• **WHAT YOU HAVE TO DO**
Lines from the one containing "Very beautiful and" through the last line of the data are to be returned exactly, both ends included, minus any pictures.

• **SOURCE MATERIAL**

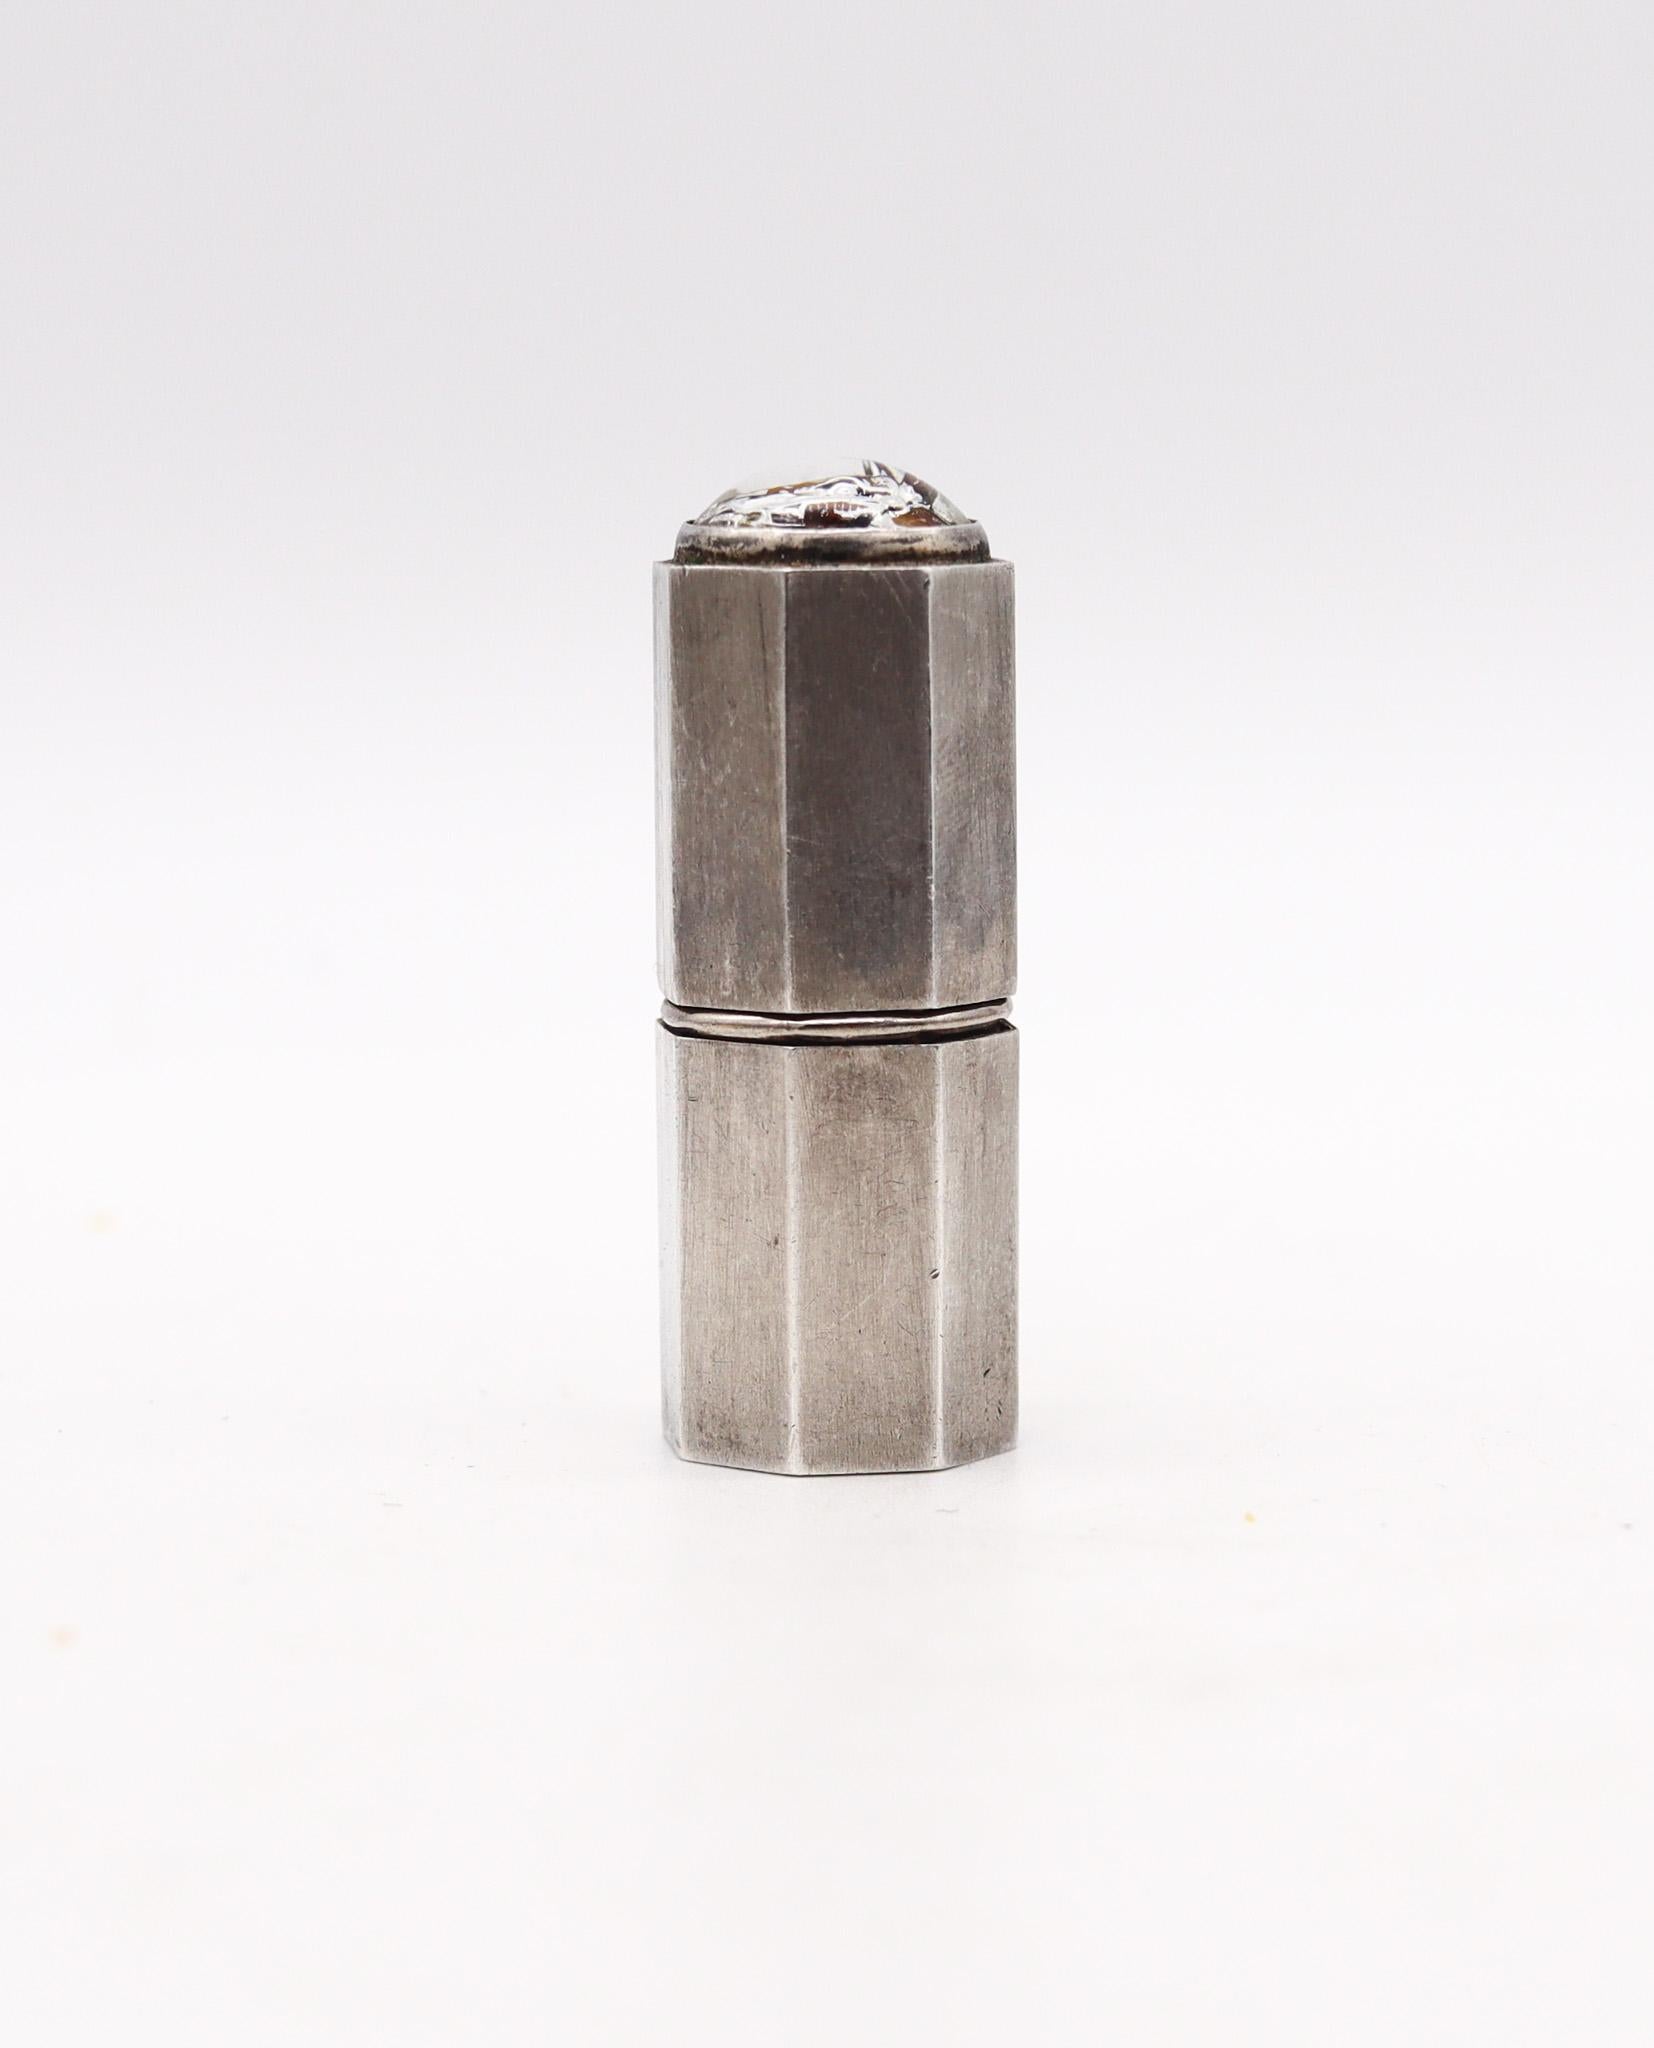 An art deco petrol lighter designed by Naldun.

Very beautiful and useful petrol lighter, created in America by the Naldun Company, back in the 1930. It was crafted as a slider piece in the art deco style, with an octagonal shape in solid .925/.999
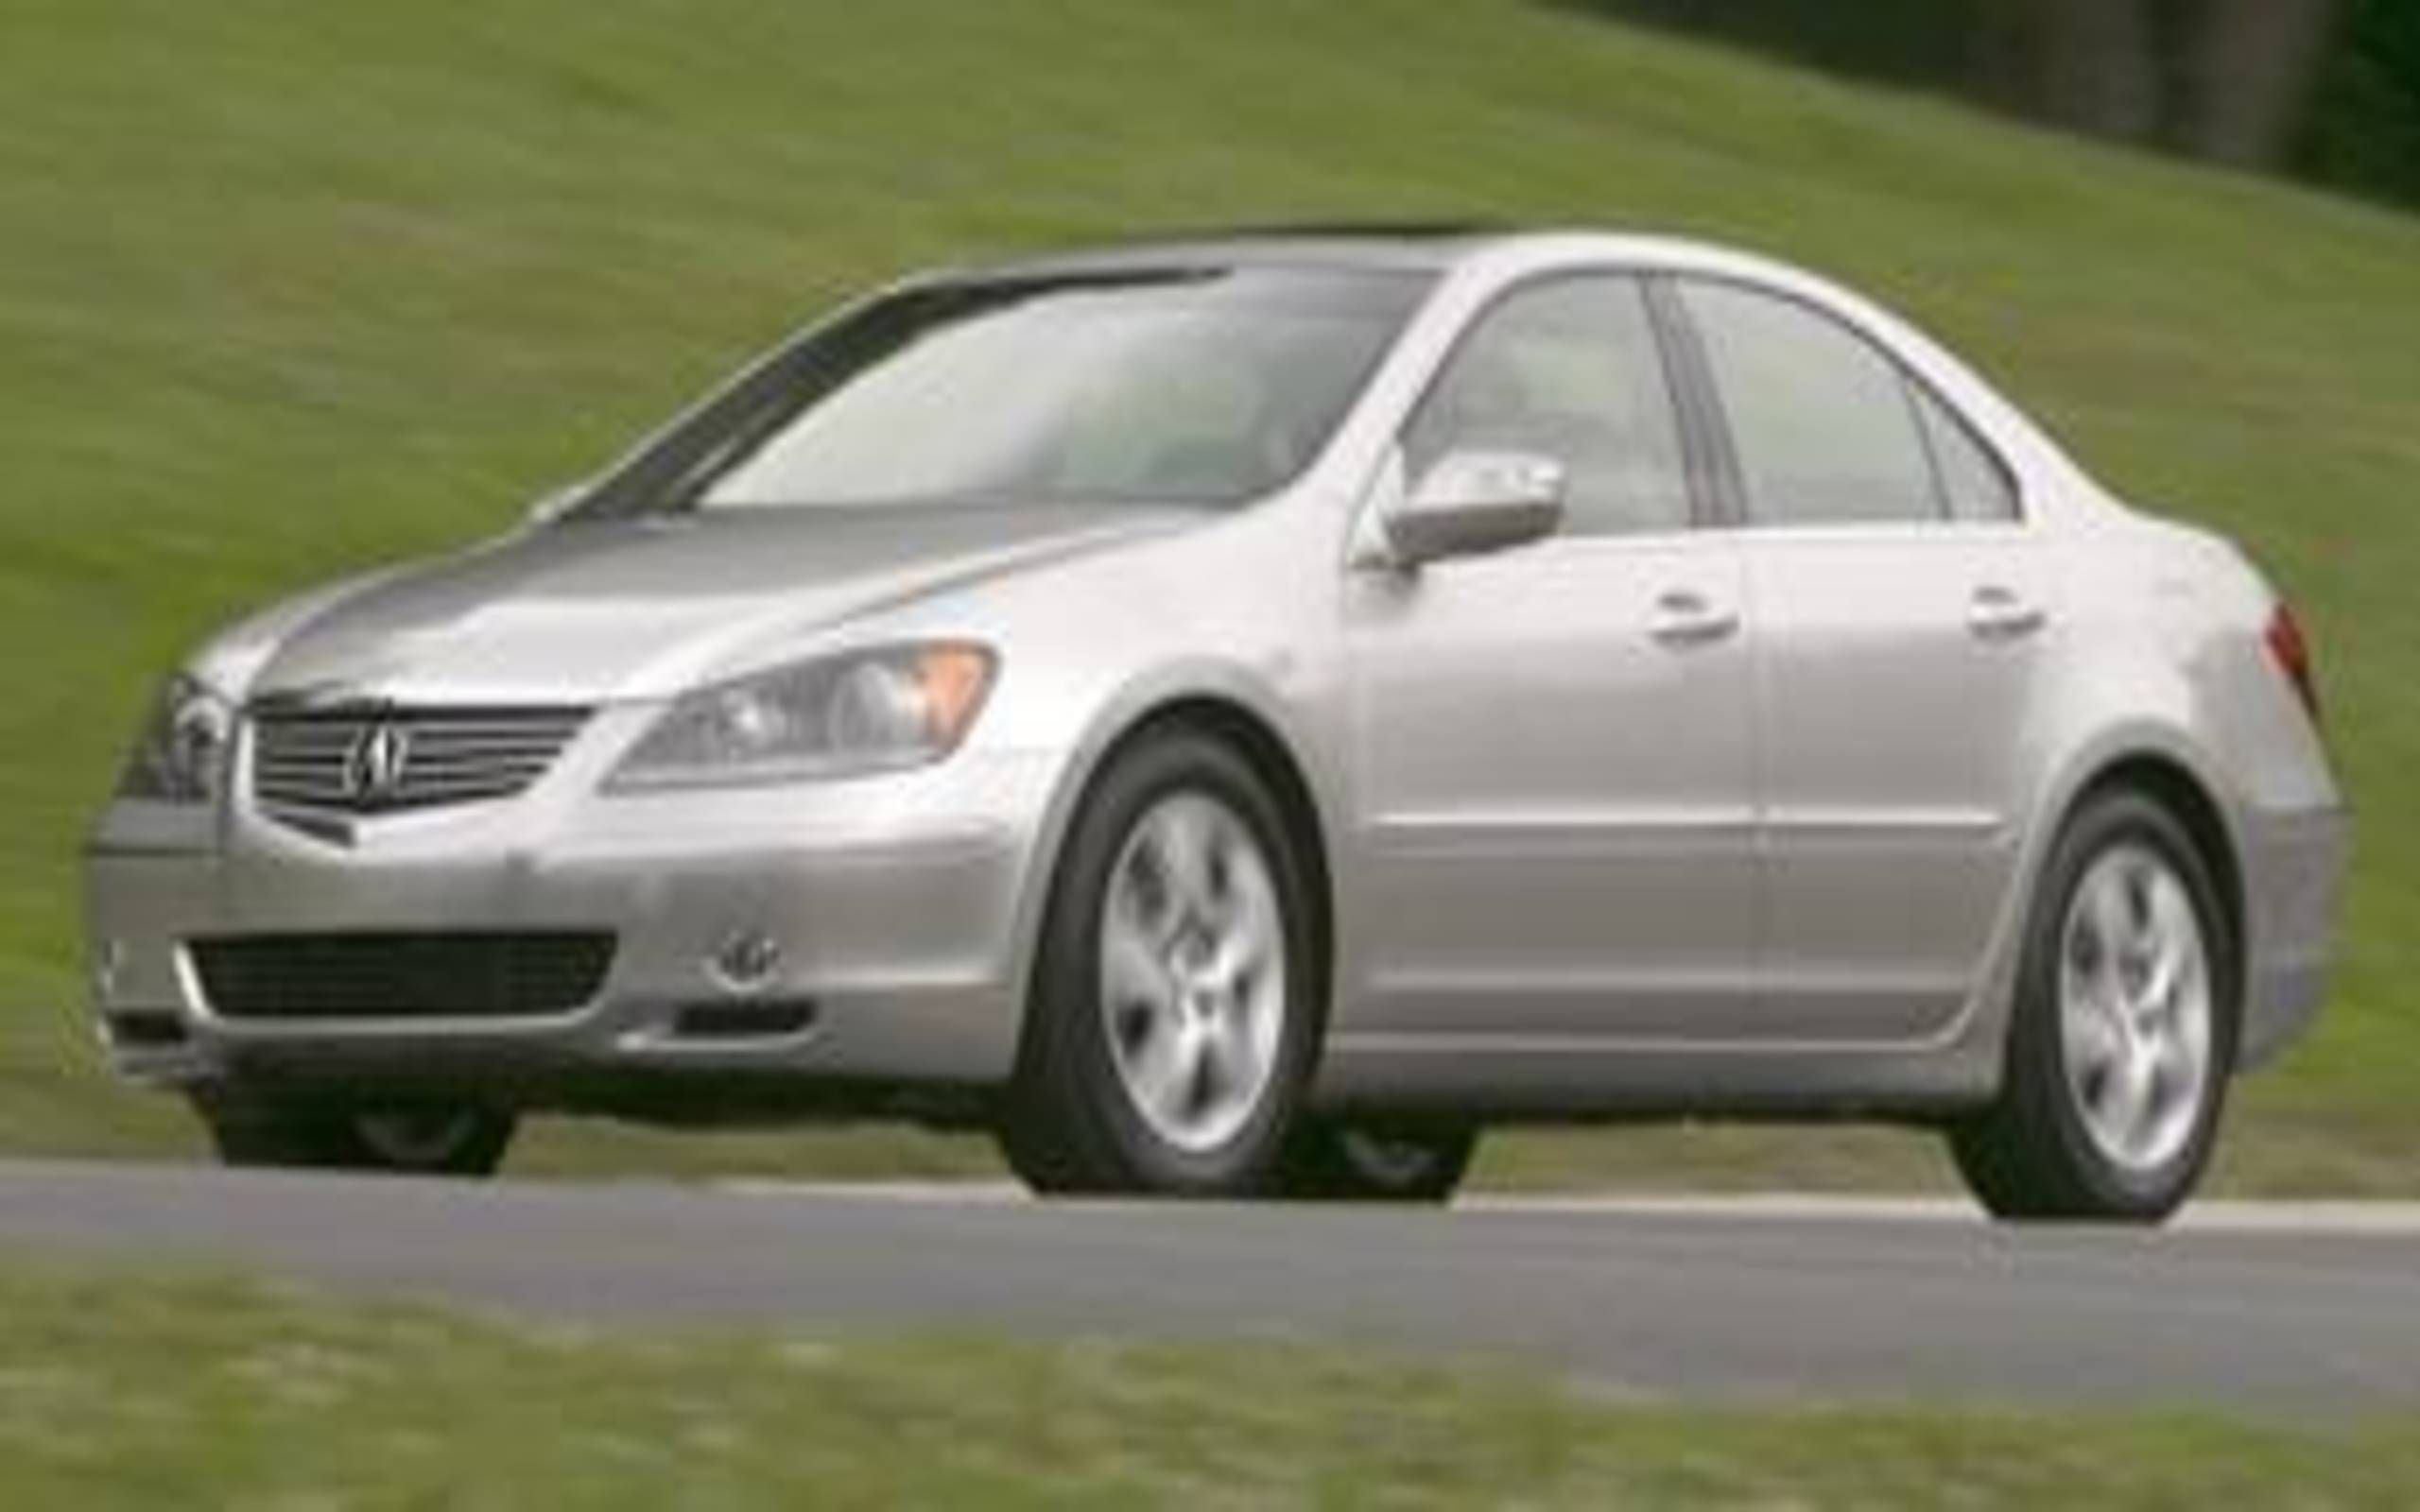 2005 Acura RL: Acura has found its way back to the big game with the new RL

• **ANSWER**
Very beautiful and useful petrol lighter, created in America by the Naldun Company, back in the 1930. It was crafted as a slider piece in the art deco style, with an octagonal shape in solid .925/.999
 2005 Acura RL: Acura has found its way back to the big game with the new RL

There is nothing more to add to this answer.